Limitaciones a la responsabilidad de la prestadora:
"Dado que la prestadora brinda su servicio a través de terceros profesionales o entidades, ésta no se responsabiliza por los daños que el accionar de dichos profesionales o entidades pudieran producir en los asociados". En los planes cerrados, resultaría abusiva a tenor de lo estipulado en el art. 37, inc. a), de la ley 24240, en cuanto la prestadora pretende eximirse de responsabilidad por un servicio en el cual ella elige los profesionales o entidades adheridas y por lo tanto debe responsabilizarse.

Modificación unilateral de los servicios:
Resultaría abusiva en cuanto la modificación de las condiciones contractuales sin derecho a resarcimiento implicaría otorgar una irritante ampliación de los derechos de la prestadora en desmedro de los afiliados. No remedia tal situación el derecho a renunciar que se le otorga, puesto que el mismo implica la pérdida de antigüedad y eventuales perjuicios para el ingreso a otra prestadora.
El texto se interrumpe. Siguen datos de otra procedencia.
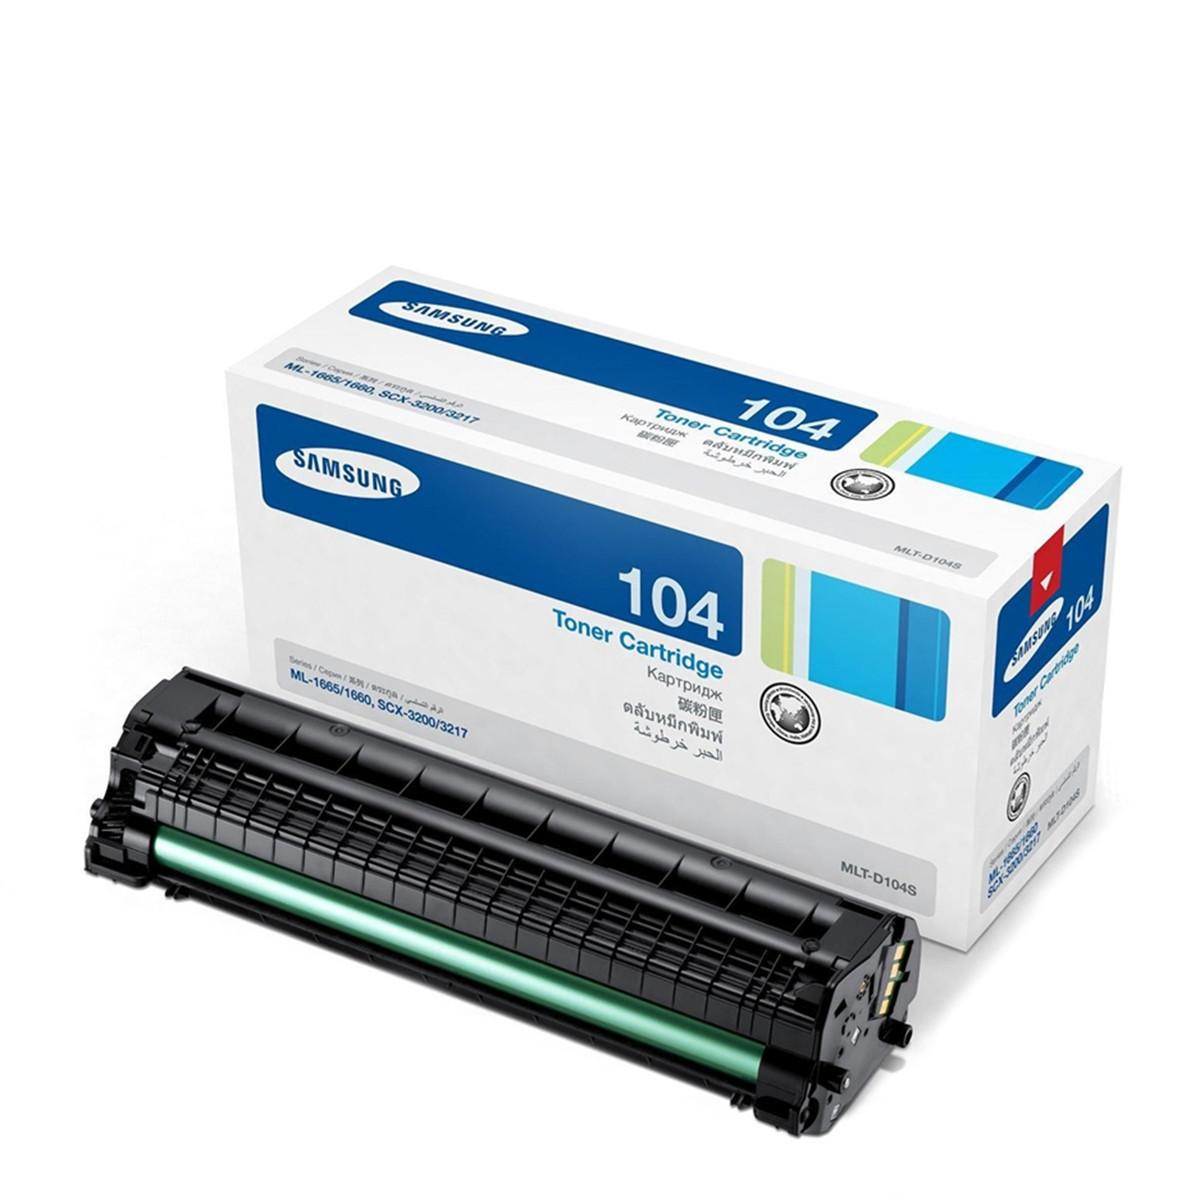 Toner Samsung MLT-D104S D104 104S | ML-1665 ML-1660 ML-1860 SCX-3200 | Original 1.5k

Rescisión sin expresión de causa:
En cuanto autoriza a las partes a rescindir el contrato, en cualquier momento y sin expresión de causa. Resultaría abusiva dado que no es posible poner en un plano de igualdad al adherente y a la empresa respecto de las consecuencias de la ruptura contractual; a la prestadora esta situación podría significarle sólo la pérdida de uno de sus cientos o miles de afiliados, en cambio, para el afiliado, podría implicar la pérdida de cobertura en un momento de extrema necesidad, la imposibilidad de acceder a otra cobertura por mayoría de edad, enfermedad, embarazo, etc., o, en el mejor de los casos, la pérdida de la antigüedad obtenida.

Además se aclara que la Secretaría de Defensa de la Competencia y del Consumidor no aprueba contratos de adhesión, sino que tiene atribuciones para vigilar que los mismos no contengan cláusulas abusivas, conforme los criterios previstos en el artículo 37 de la Ley N° 24.240 de la que es autoridad de aplicación.